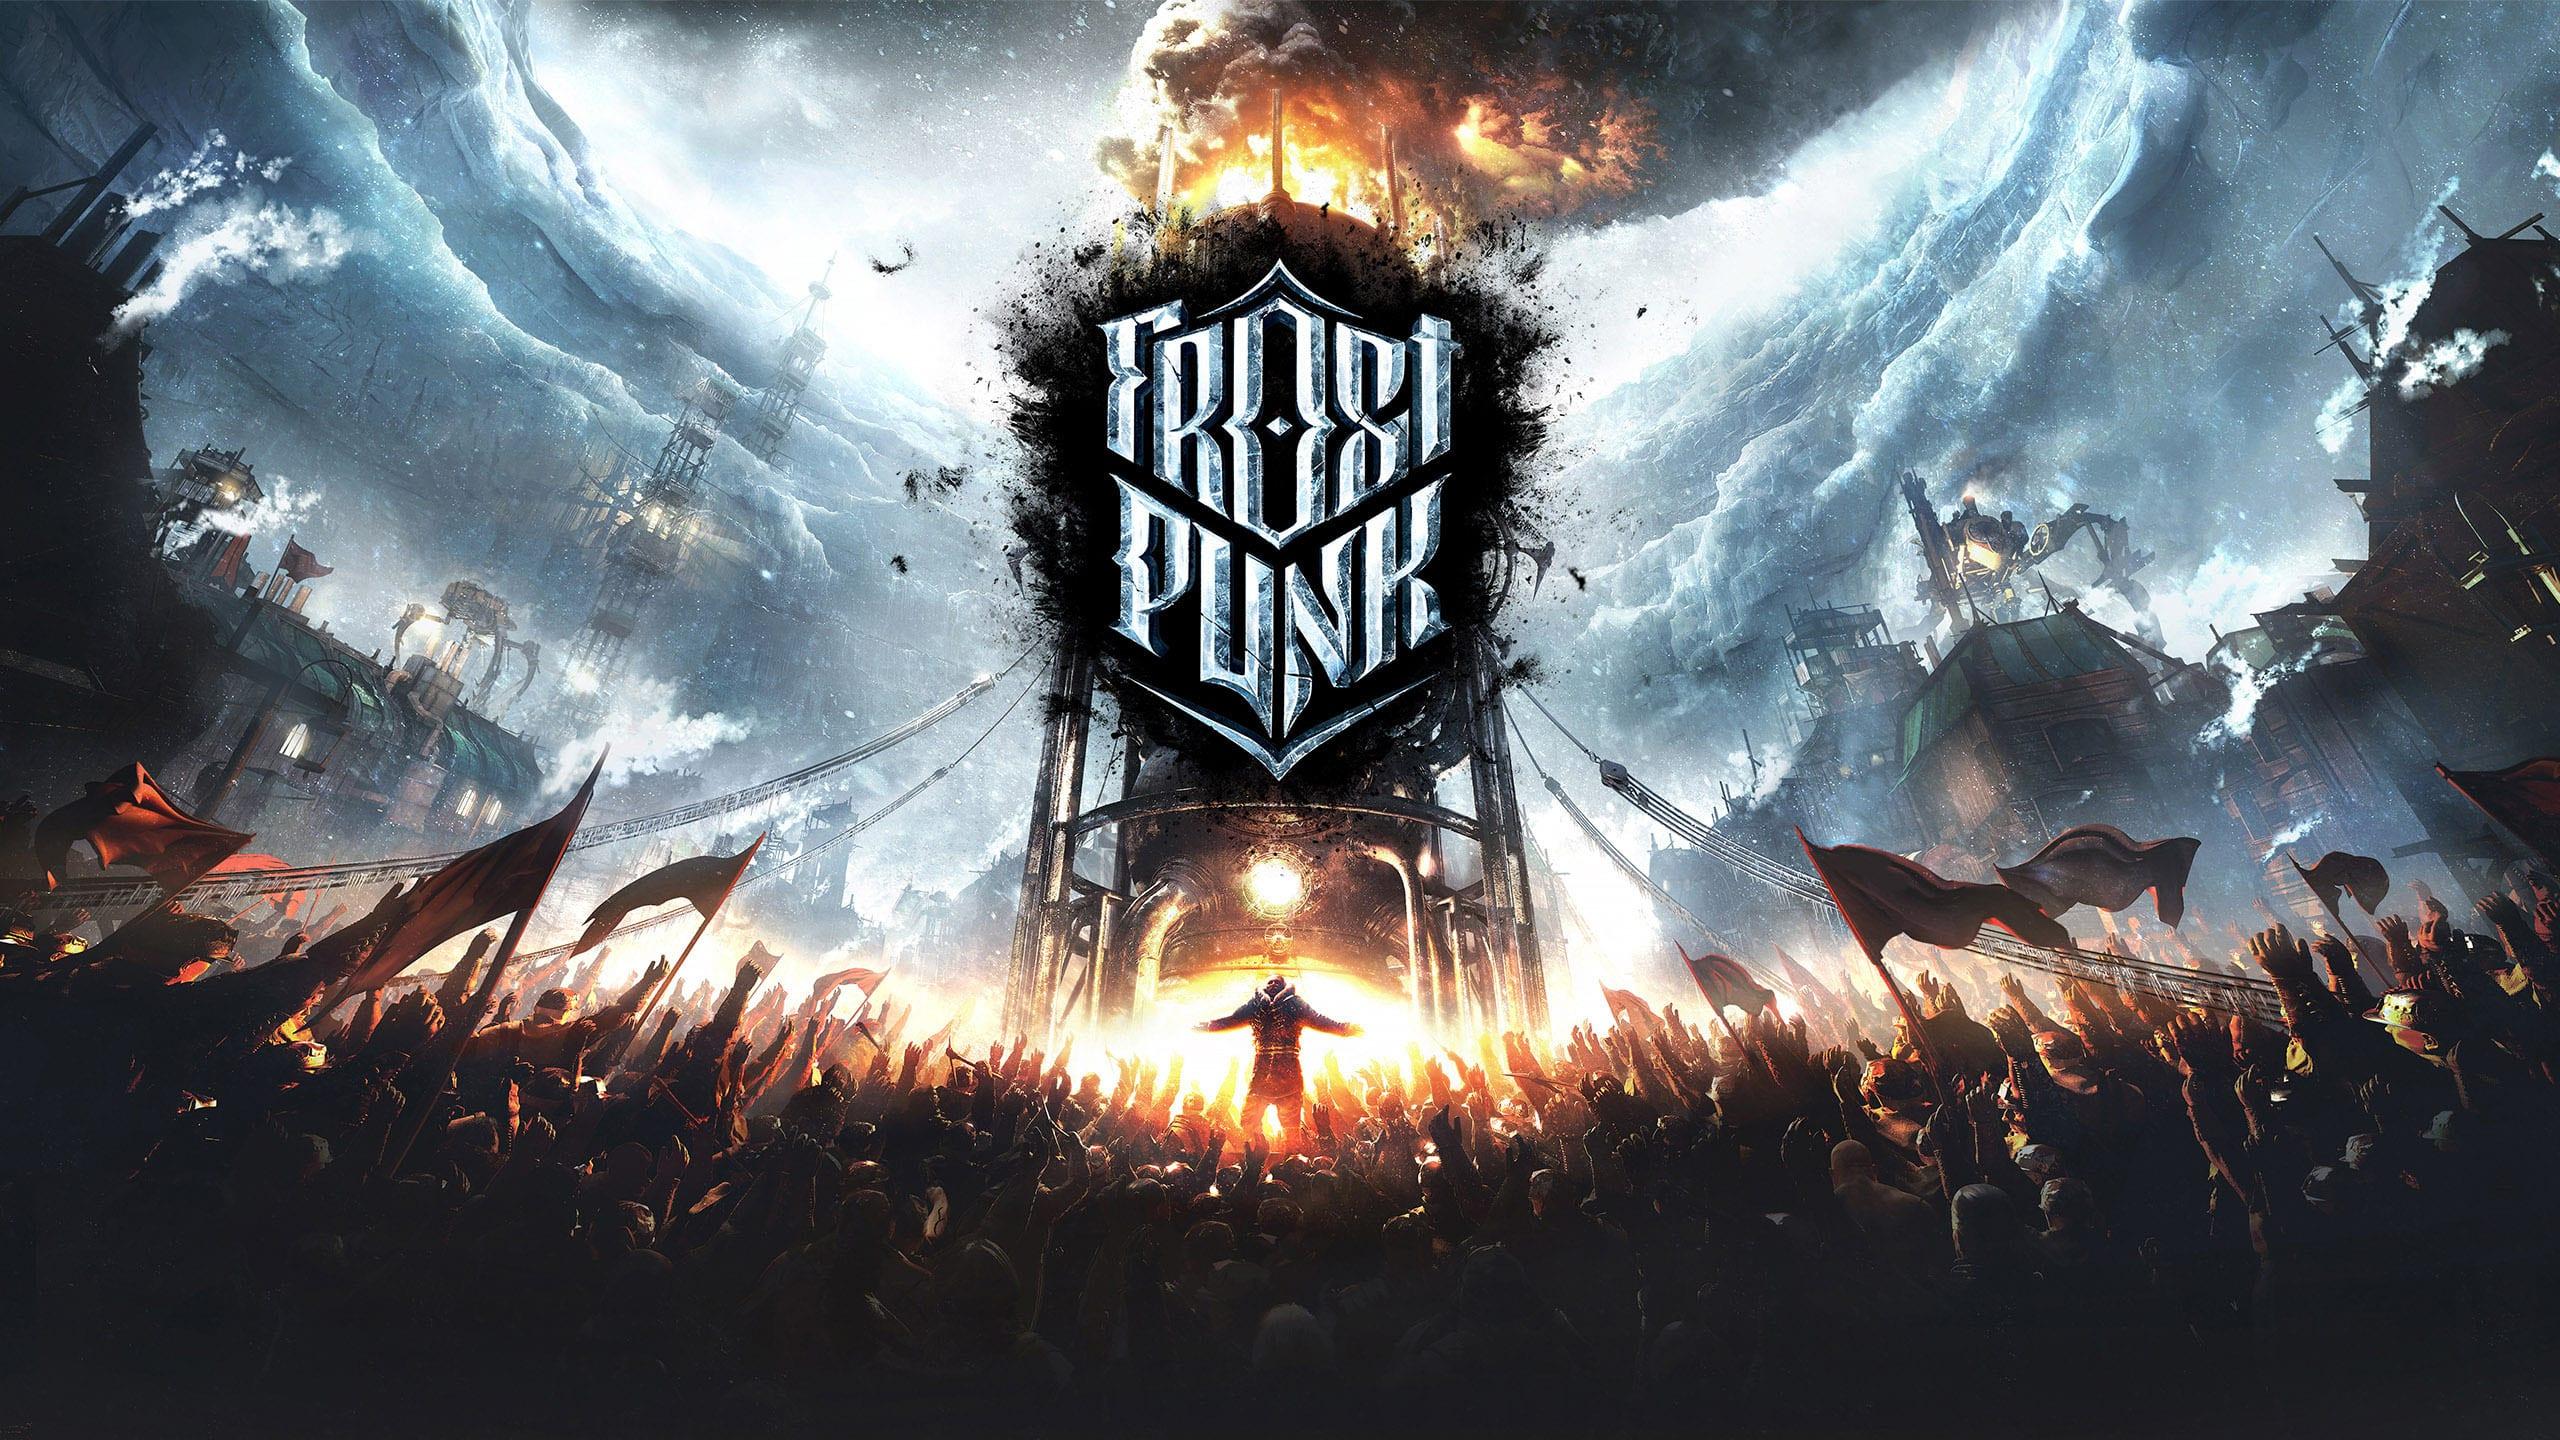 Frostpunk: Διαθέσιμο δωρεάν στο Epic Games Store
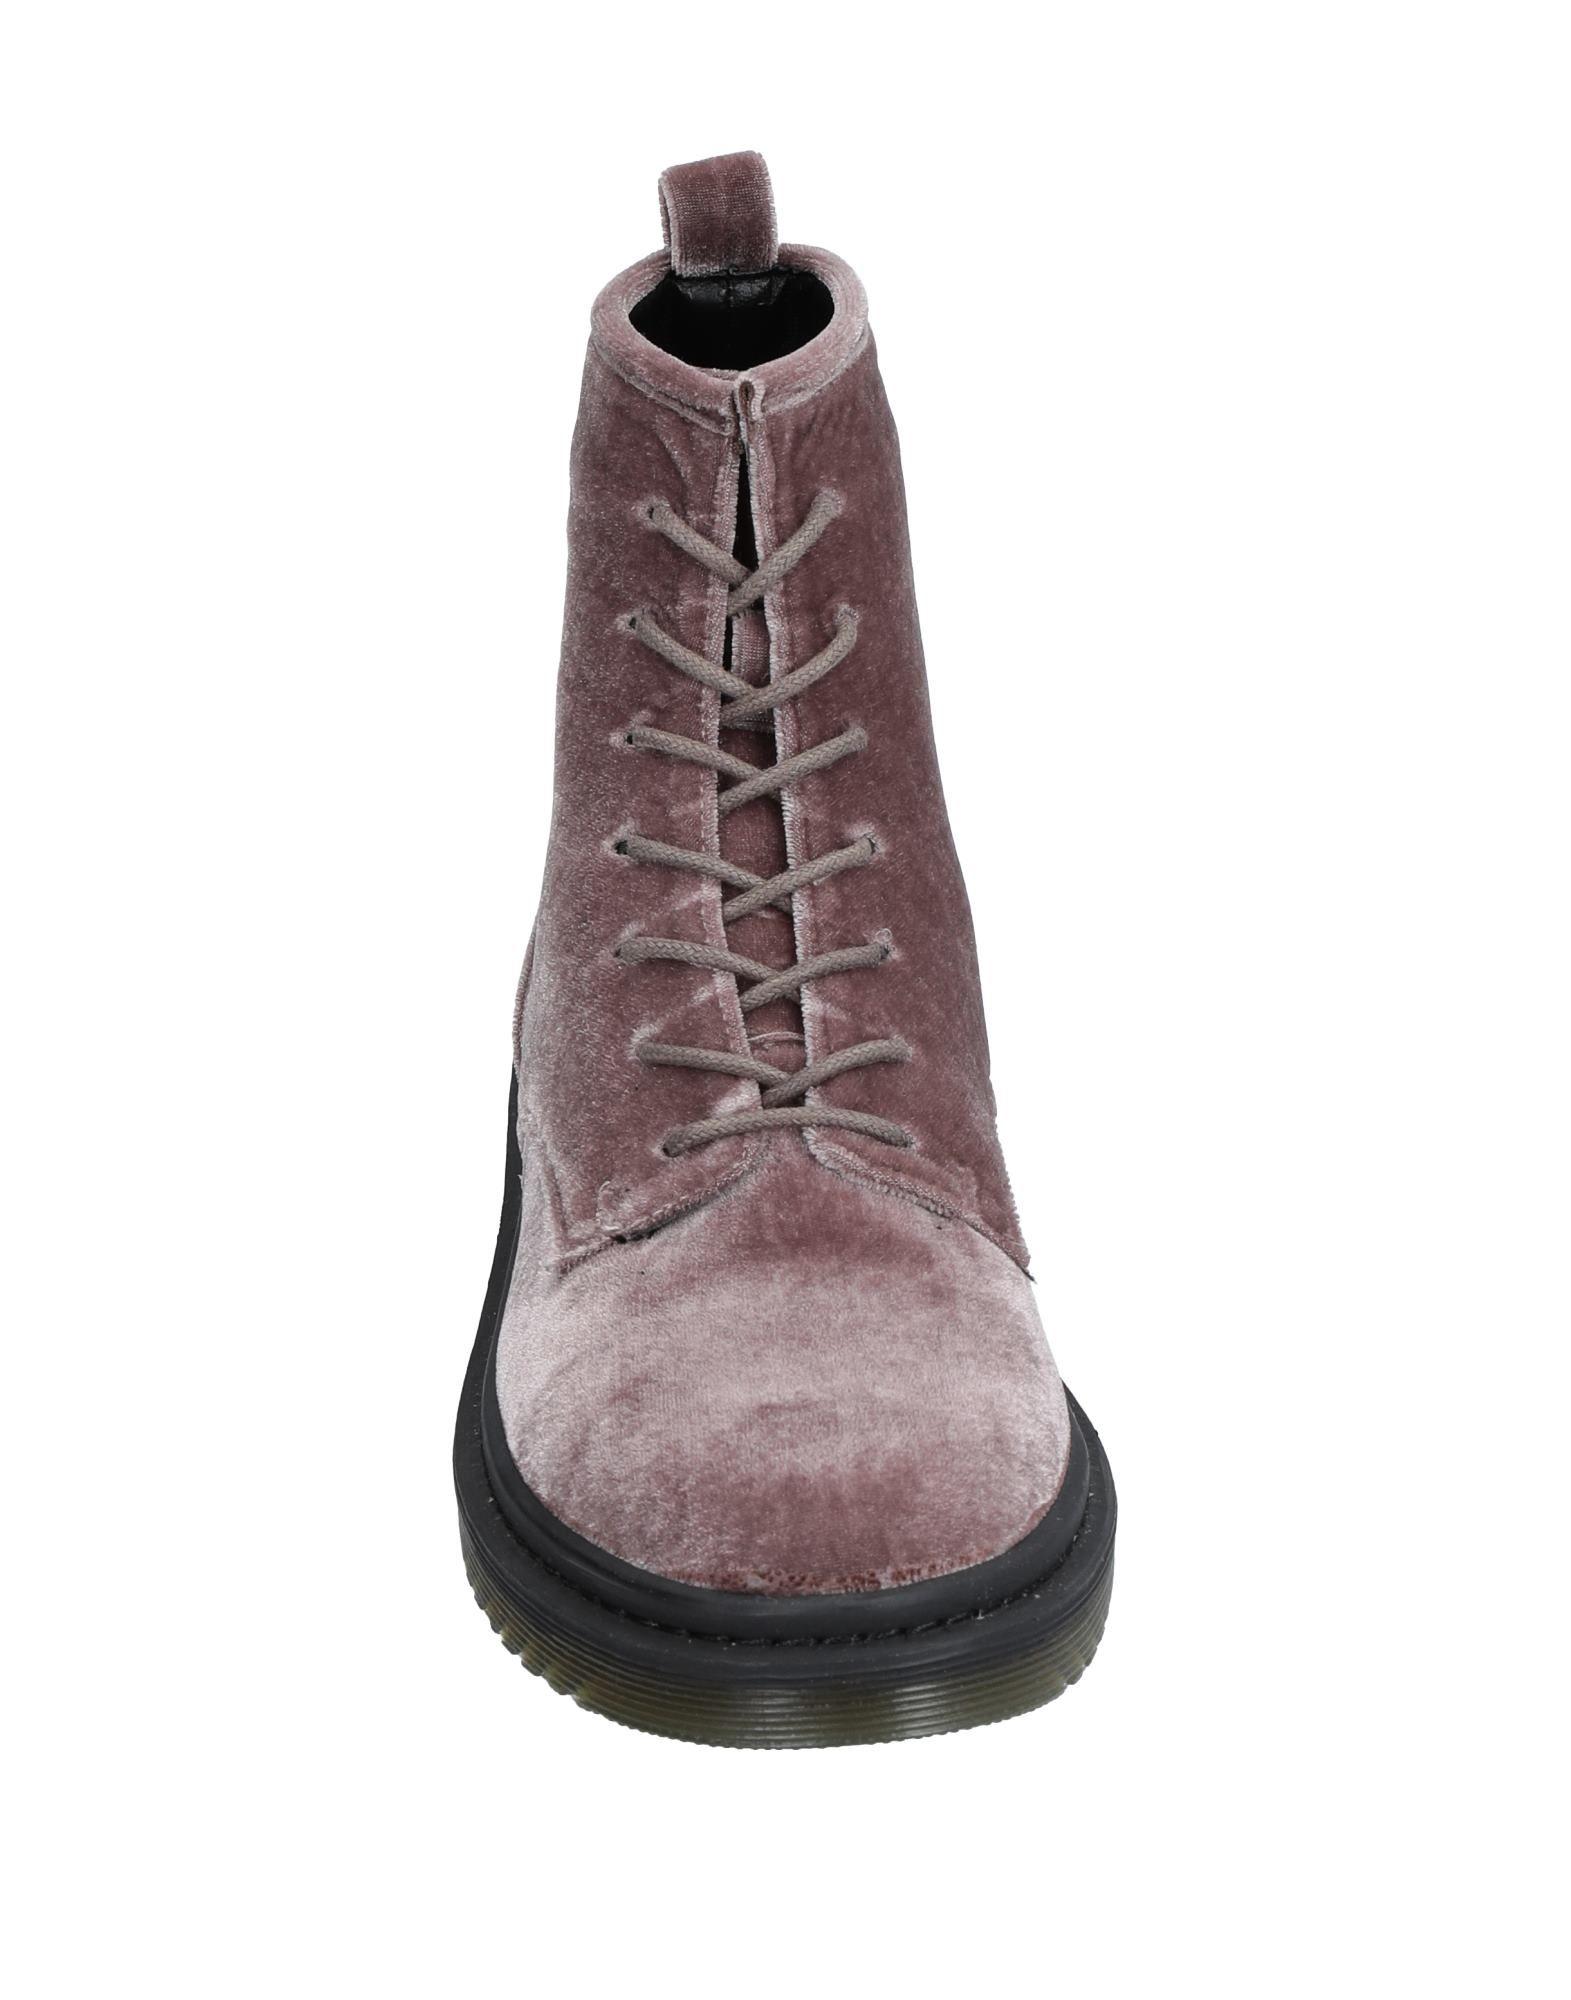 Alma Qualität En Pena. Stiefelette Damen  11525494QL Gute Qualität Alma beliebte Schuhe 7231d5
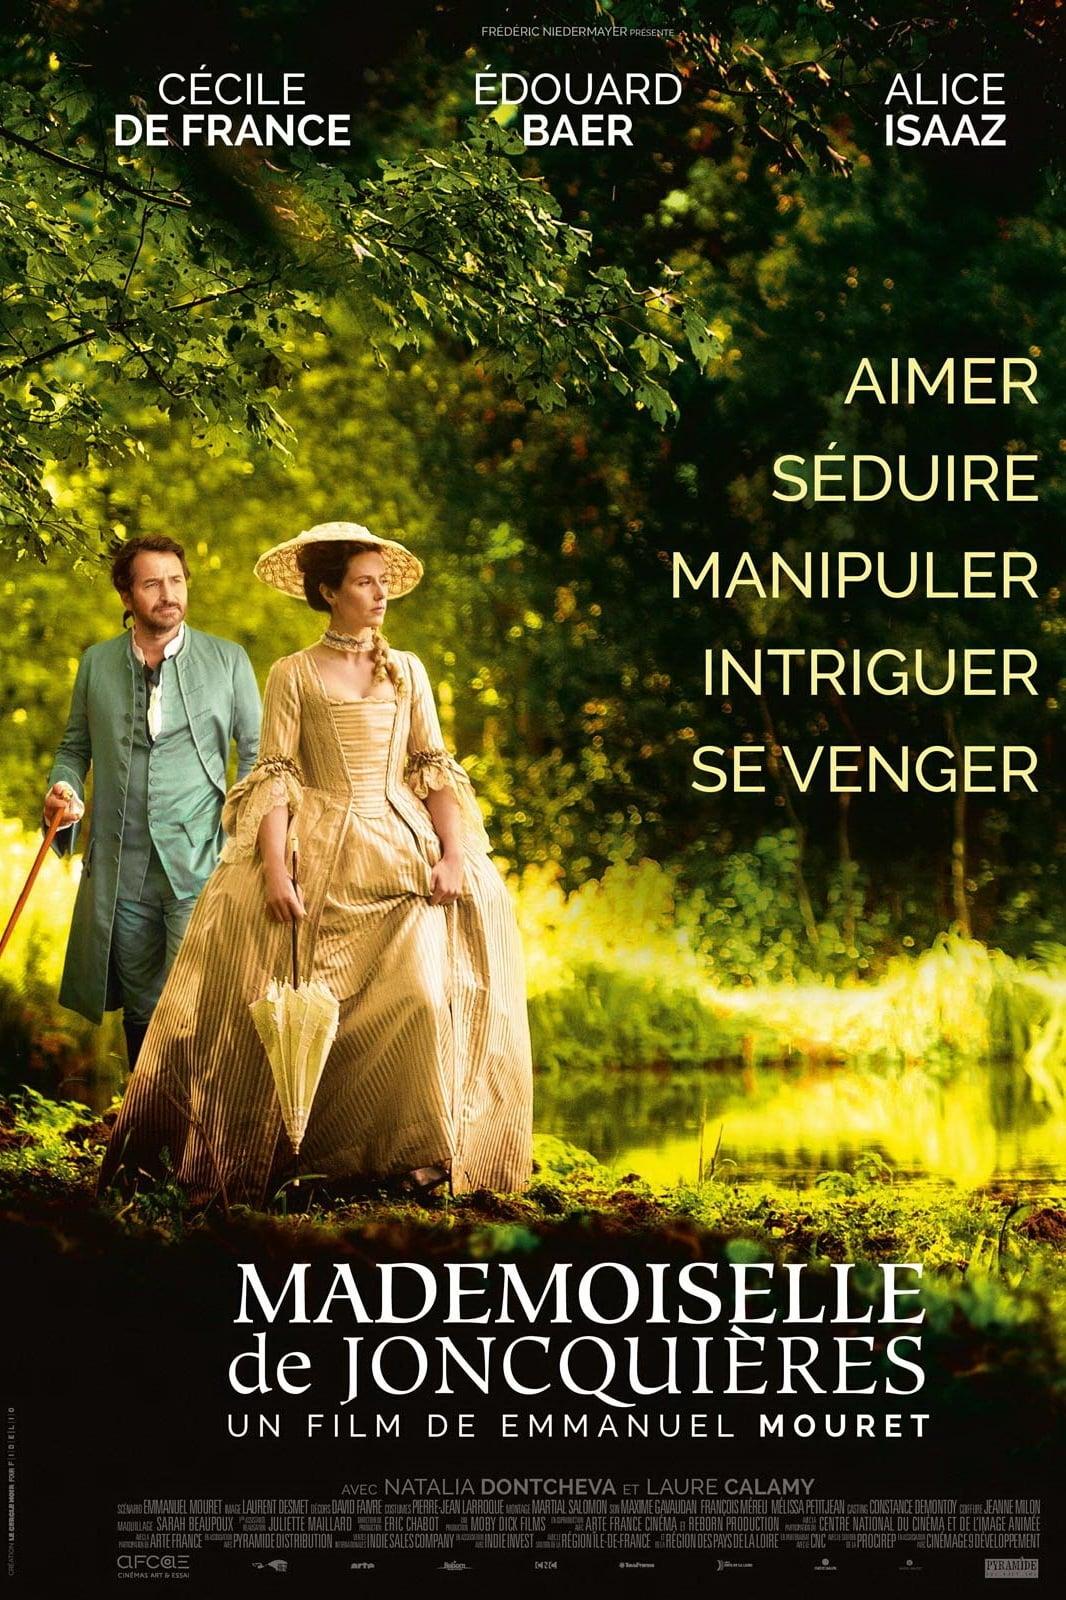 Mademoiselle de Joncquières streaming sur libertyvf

> [TO DO] Leave the pictures out and return the rest of the material exactly.

> [WRITTEN ANSWER]
 Frostpunk: Διαθέσιμο δωρεάν στο Epic Games Store
 Alma Qualität En Pena. Stiefelette Damen  11525494QL Gute Qualität Alma beliebte Schuhe 7231d5
 Mademoiselle de Joncquières streaming sur libertyvf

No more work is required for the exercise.